Ch. 18: Multi-Agent Systems | The Agentic Engineering Guide

When to use multiple agents

Single agents work well for focused tasks. Multi-agent systems are needed when:

Scenario	Why Multiple Agents
Different expertise needed	Security agent + code agent + test agent
Parallel execution	Multiple independent subtasks
Separation of concerns	Each agent has limited permissions
Adversarial checking	One agent reviews another’s work
Long-running workflows	Agents hand off across time boundaries

Fleet-Scale parallelism

Before diving into architectures, it’s worth noting the scale dimension. Some tasks aren’t complex - they’re repetitive. Migrating 200 microservices from Java 8 to Java 17. Patching a CVE across every repository. Updating documentation org-wide. Adding input validation to every API endpoint. Upgrading a dependency across the entire organization.

These tasks don’t need sophisticated multi-agent coordination. They need fleet-scale parallelism: hundreds of identical agents running the same playbook against different targets simultaneously. Platforms like Ona support this natively - spin up an isolated environment per repository, run the migration agent, collect the PRs. Work that would take a team weeks finishes in hours.

The key requirement is isolation. Each agent must run in its own environment so a failure in one repository doesn’t affect others. If the migration agent crashes on repository 47, repositories 1-46 and 48-200 should be unaffected. Ephemeral environments (Chapter 10) provide this isolation naturally - each agent gets a fresh environment that’s destroyed when the task completes.

Fleet-scale parallelism changes the economics of large-scale changes. A CVE patch that affects 200 repositories used to require a dedicated engineer for a week - creating the patch, testing it in each repository, opening PRs, responding to review feedback. With fleet-scale agents, the same work completes in hours: define the patch playbook once, run it against all 200 repositories in parallel, review the PRs in batch. The engineer’s role shifts from doing the work to defining the playbook and reviewing the results.

The playbook design is critical. A good playbook is idempotent (running it twice produces the same result), testable (you can verify the playbook on a single repository before running it at scale), and observable (you can see the status of every repository in a dashboard). A bad playbook - one that makes assumptions about repository structure, doesn’t handle edge cases, or can’t be verified - will produce 200 broken PRs instead of 200 good ones.

Multi-Agent architectures

Three architectures dominate production multi-agent systems, each suited to different problems.

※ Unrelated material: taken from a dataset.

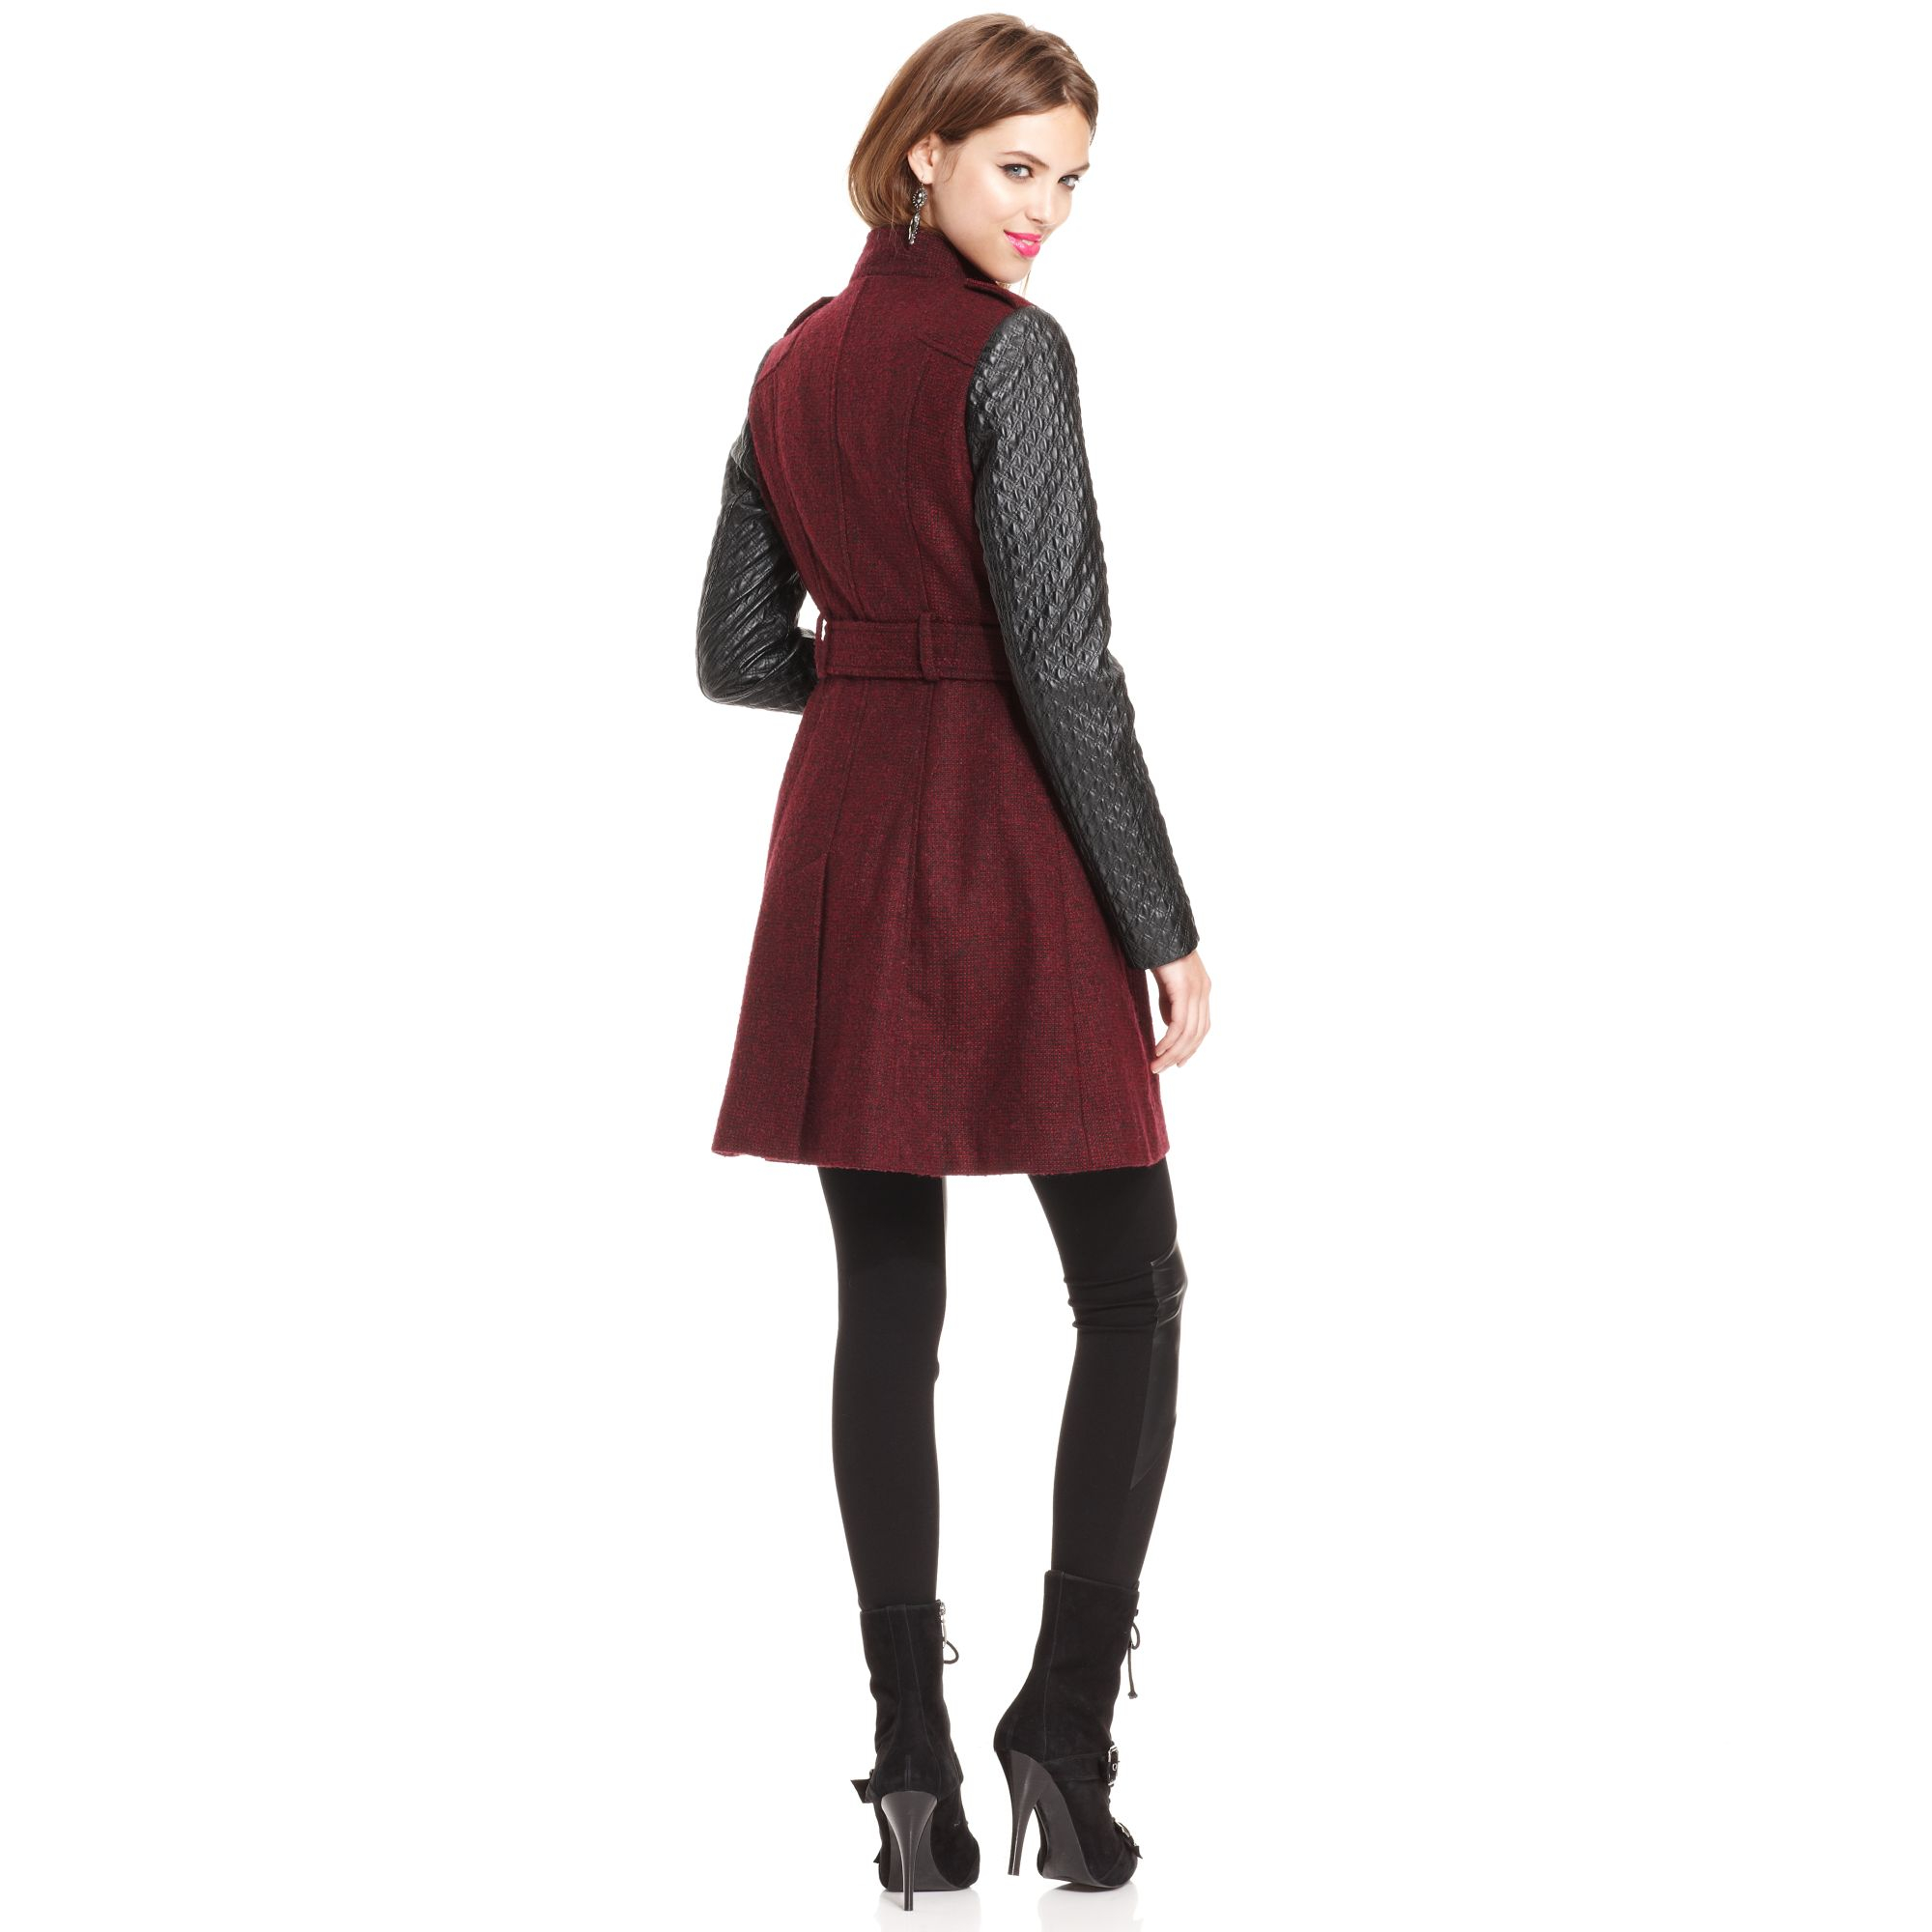 Lyst - Guess Coat Calimesa Fauxleather Trench in Red

Hub-and-spoke uses a central orchestrator that delegates to specialist agents. The orchestrator receives the task, breaks it into subtasks, assigns each to the appropriate specialist, collects the results, and synthesizes a final output. This is the most common pattern because it’s the easiest to reason about and debug. The orchestrator is the single point of control - it decides what happens next, which makes the system predictable. The downside is that the orchestrator becomes a bottleneck and a single point of failure.

Mesh lets agents communicate directly with each other, without a central coordinator. Each agent publishes its capabilities and subscribes to messages from other agents. This is more resilient - no single point of failure - but harder to debug because there’s no central log of decisions. Mesh architectures work well when agents are truly independent and don’t need tight coordination.

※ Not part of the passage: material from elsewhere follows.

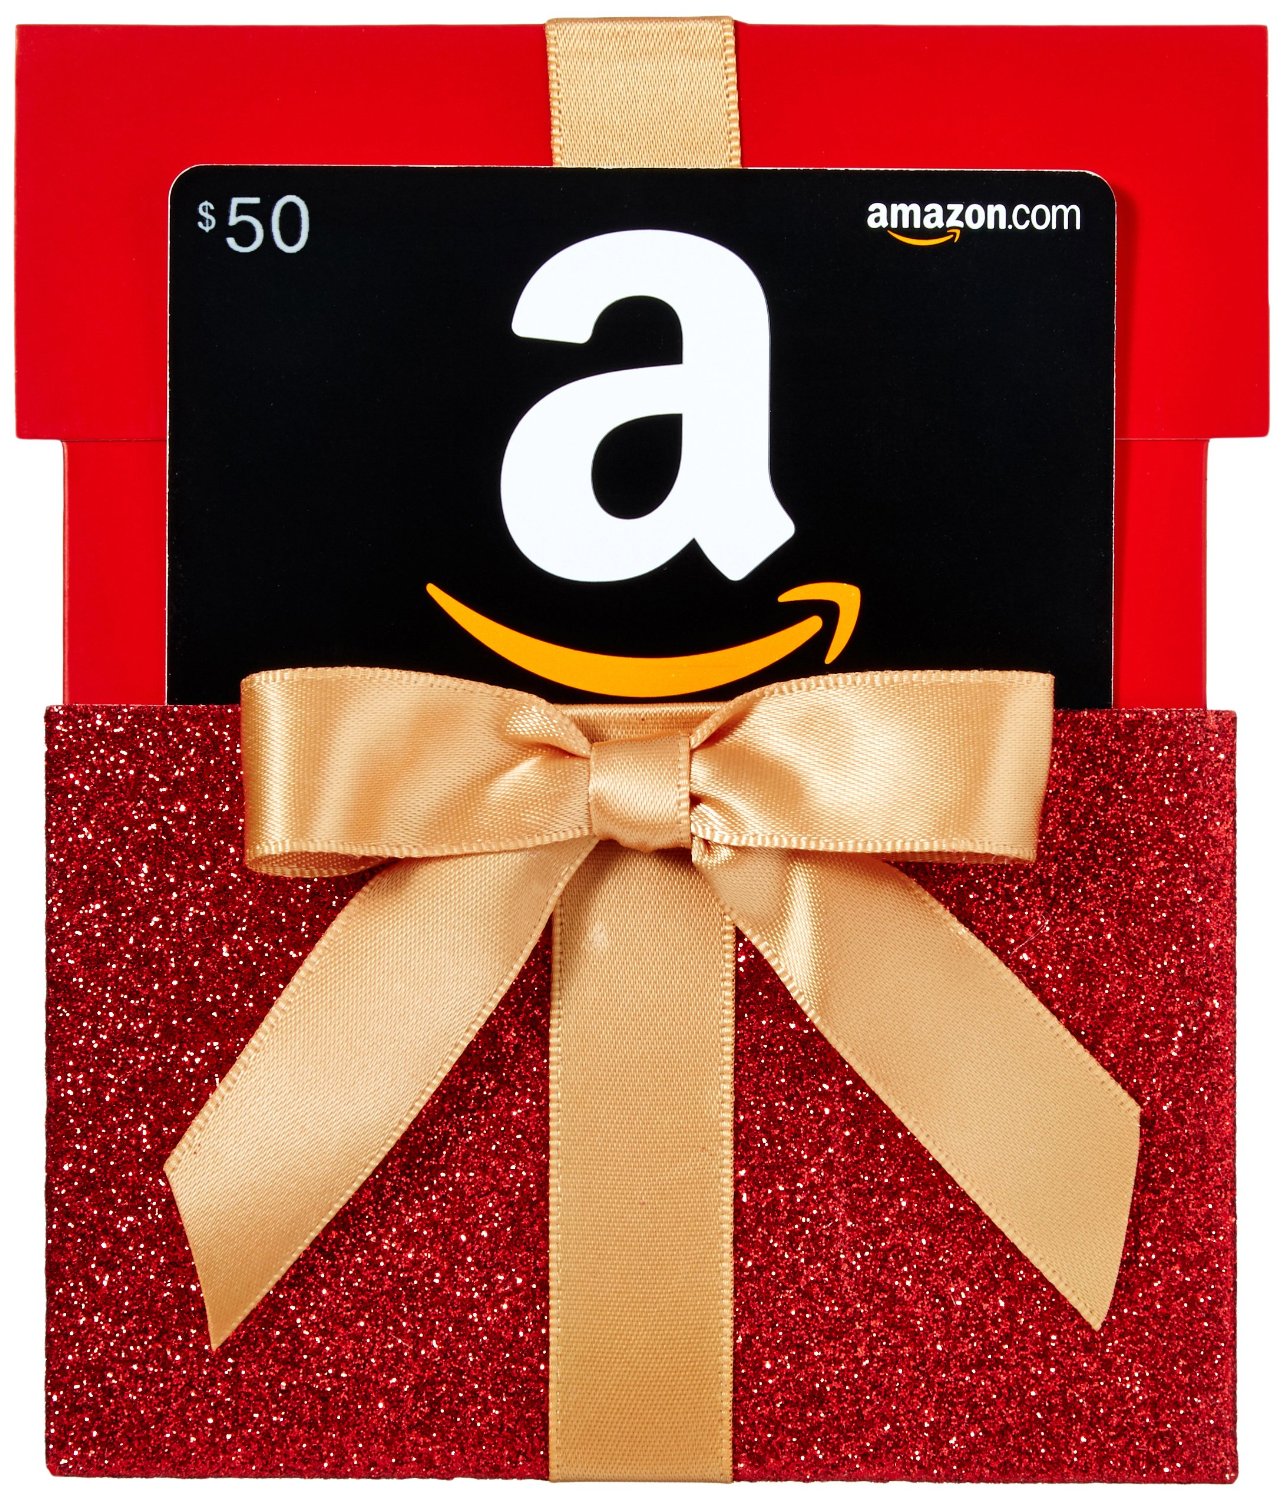 amazon-gift-voucher-expertly-chosen-gifts

Pipeline chains agents sequentially: the output of one becomes the input of the next. A code generation agent produces code, a review agent evaluates it, a test agent writes tests, a documentation agent updates docs. Pipelines are simple and predictable, but they’re slow - each stage must complete before the next begins - and a failure at any stage blocks the entire pipeline.

Task decomposition and handoffs

The hardest part of multi-agent systems isn’t the architecture - it’s deciding how to break a complex task into agent-sized pieces. The decomposition should follow natural boundaries: one agent per concern, one agent per file or module, one agent per skill domain. Tasks that require understanding the relationship between multiple concerns - “refactor the authentication system to support OAuth” - are better handled by a single capable agent than by multiple specialists trying to coordinate.

The handoff protocol - what information passes between agents - is equally important. A handoff that passes only the task description forces the receiving agent to rediscover context. A handoff that passes the full conversation history wastes tokens on irrelevant information. The sweet spot is a structured handoff that includes the task description, the relevant context (files, decisions, constraints), and a summary of what the previous agent did and why. Think of it as a shift handoff in a hospital - the outgoing doctor doesn’t recite the patient’s entire medical history, but they do communicate the current situation, recent actions, and pending concerns.

Failure modes in multi-agent systems

Multi-agent systems have failure modes that don’t exist in single-agent systems. Cascading failures occur when one agent’s bad output becomes another agent’s input - the error propagates and amplifies through the pipeline. Coordination deadlocks occur when two agents are waiting for each other’s output. Resource contention occurs when multiple agents compete for the same tools or API rate limits. Inconsistent state occurs when agents modify the same files without coordination, creating merge conflicts or logical inconsistencies.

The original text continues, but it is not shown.